» Dataset content
☆ ☆ ☆
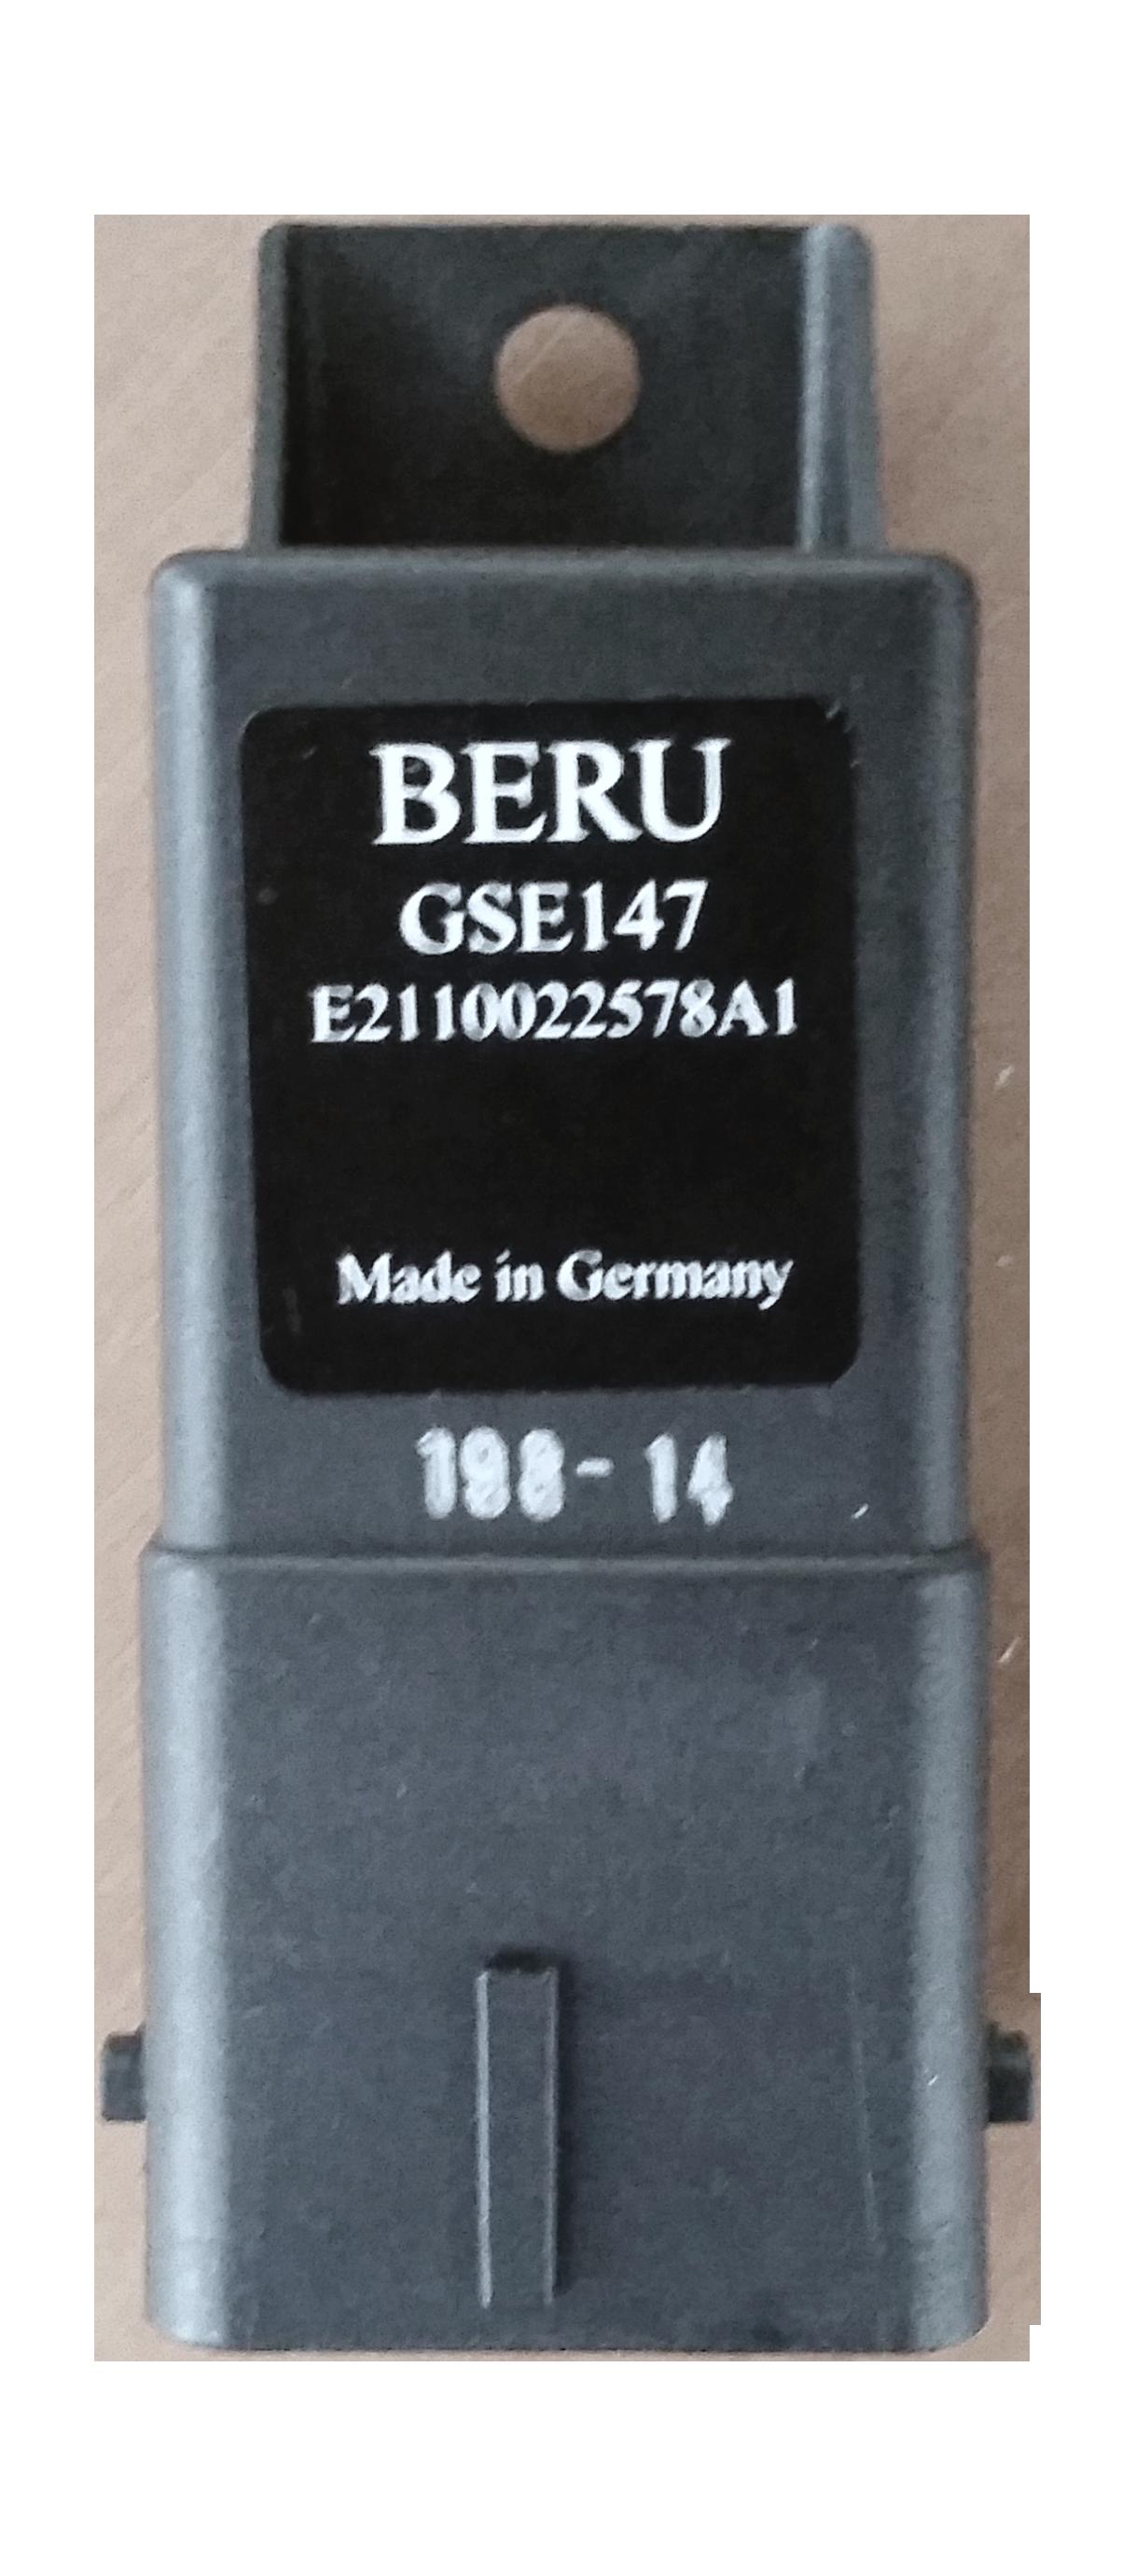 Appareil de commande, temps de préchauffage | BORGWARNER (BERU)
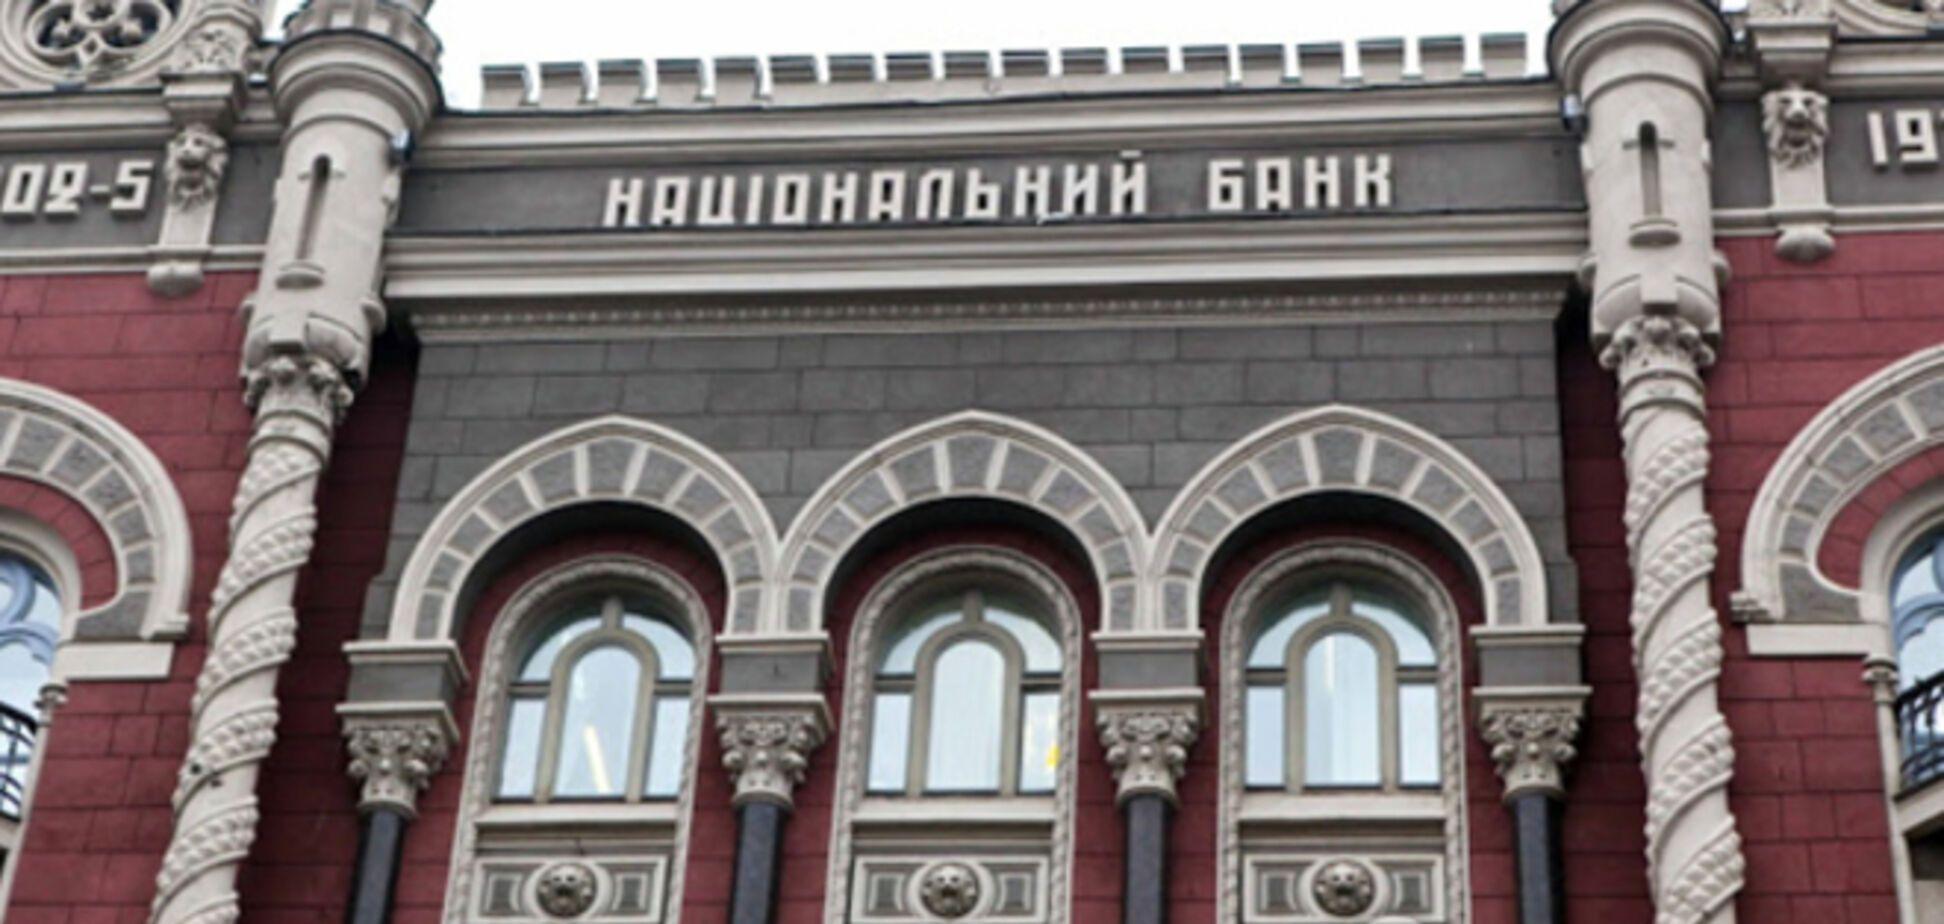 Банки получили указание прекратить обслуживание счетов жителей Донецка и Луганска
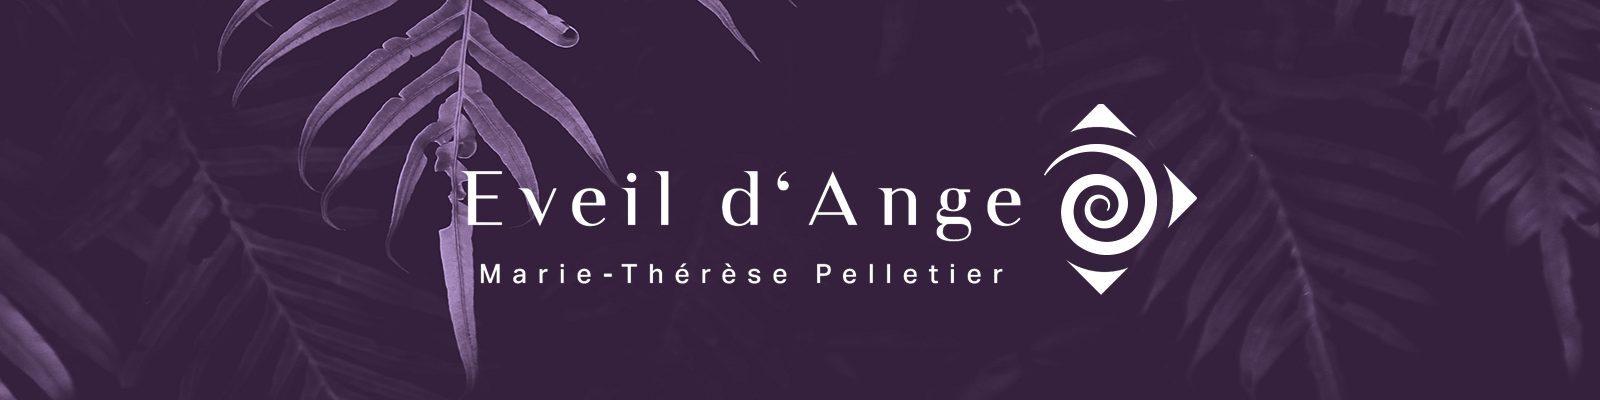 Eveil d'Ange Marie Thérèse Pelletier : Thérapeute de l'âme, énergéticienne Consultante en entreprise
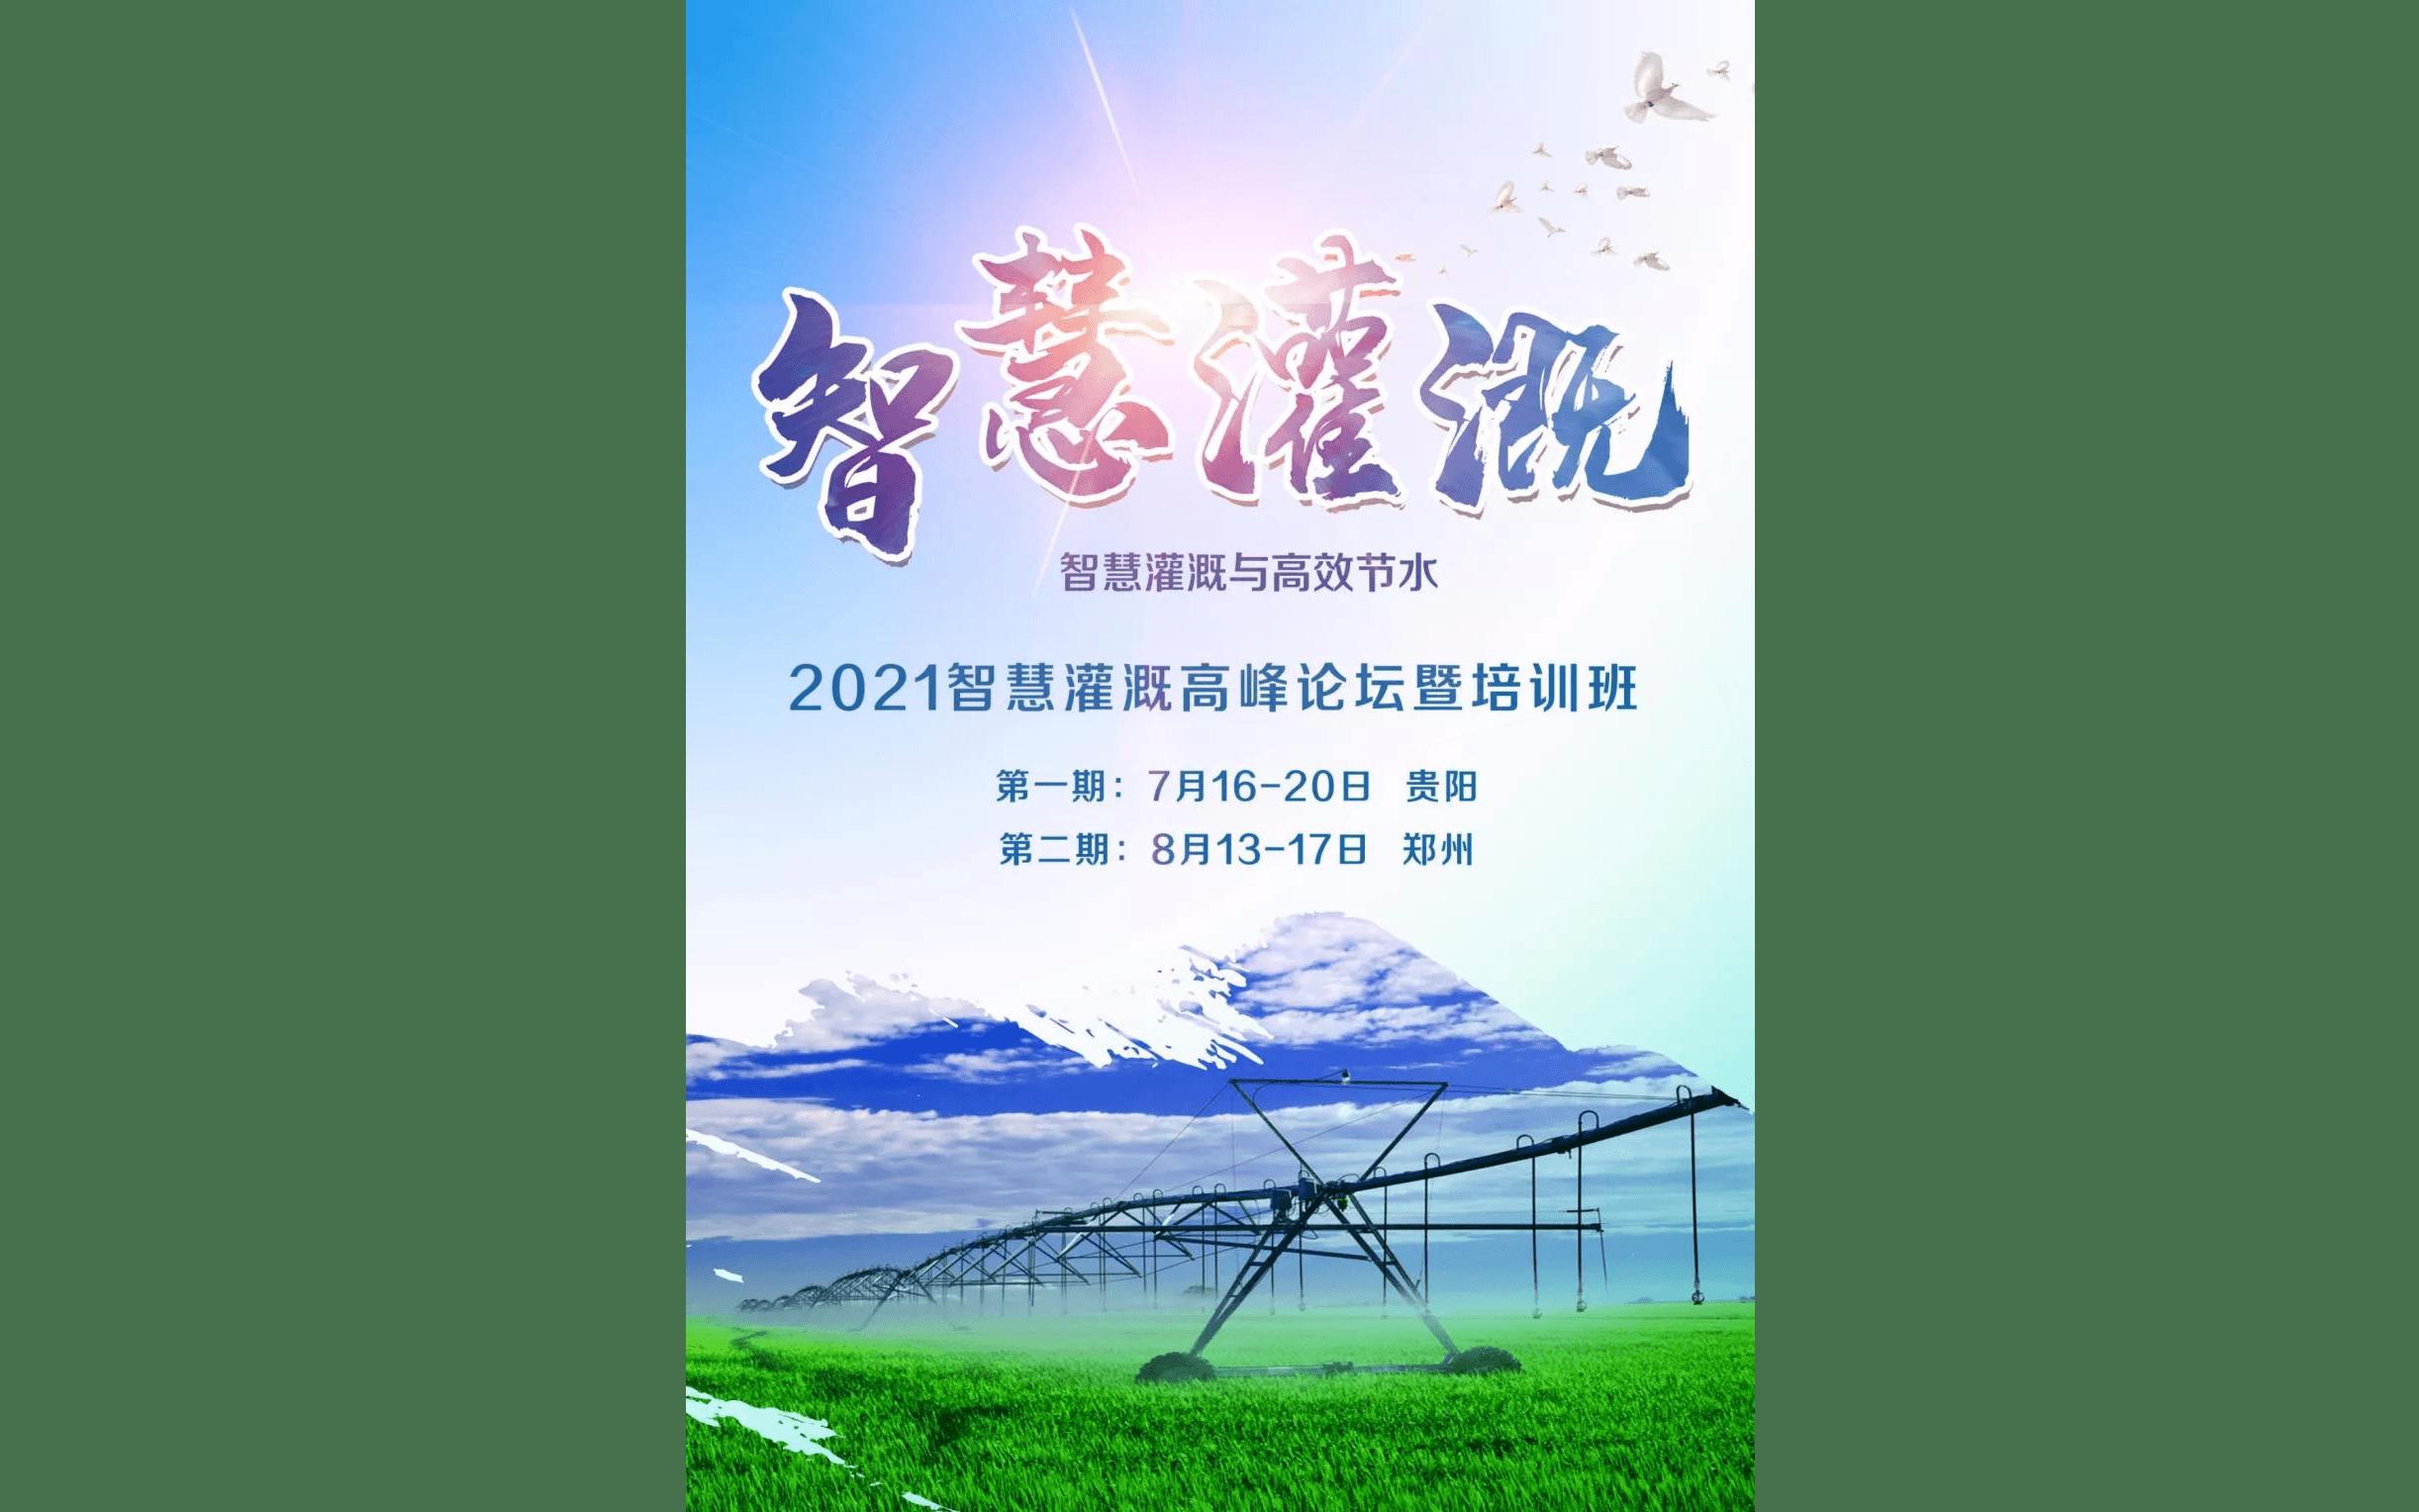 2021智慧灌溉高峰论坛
☆ ☆ ☆
» Task prompt
Using the listing above, copy every line from the line containing "Банки получили указание" through the last one, both included, and no other lines. Pictures stay out.

» Completed exercise
 Банки получили указание прекратить обслуживание счетов жителей Донецка и Луганска
 Eveil d'Ange Marie Thérèse Pelletier : Thérapeute de l'âme, énergéticienne Consultante en entreprise
 2021智慧灌溉高峰论坛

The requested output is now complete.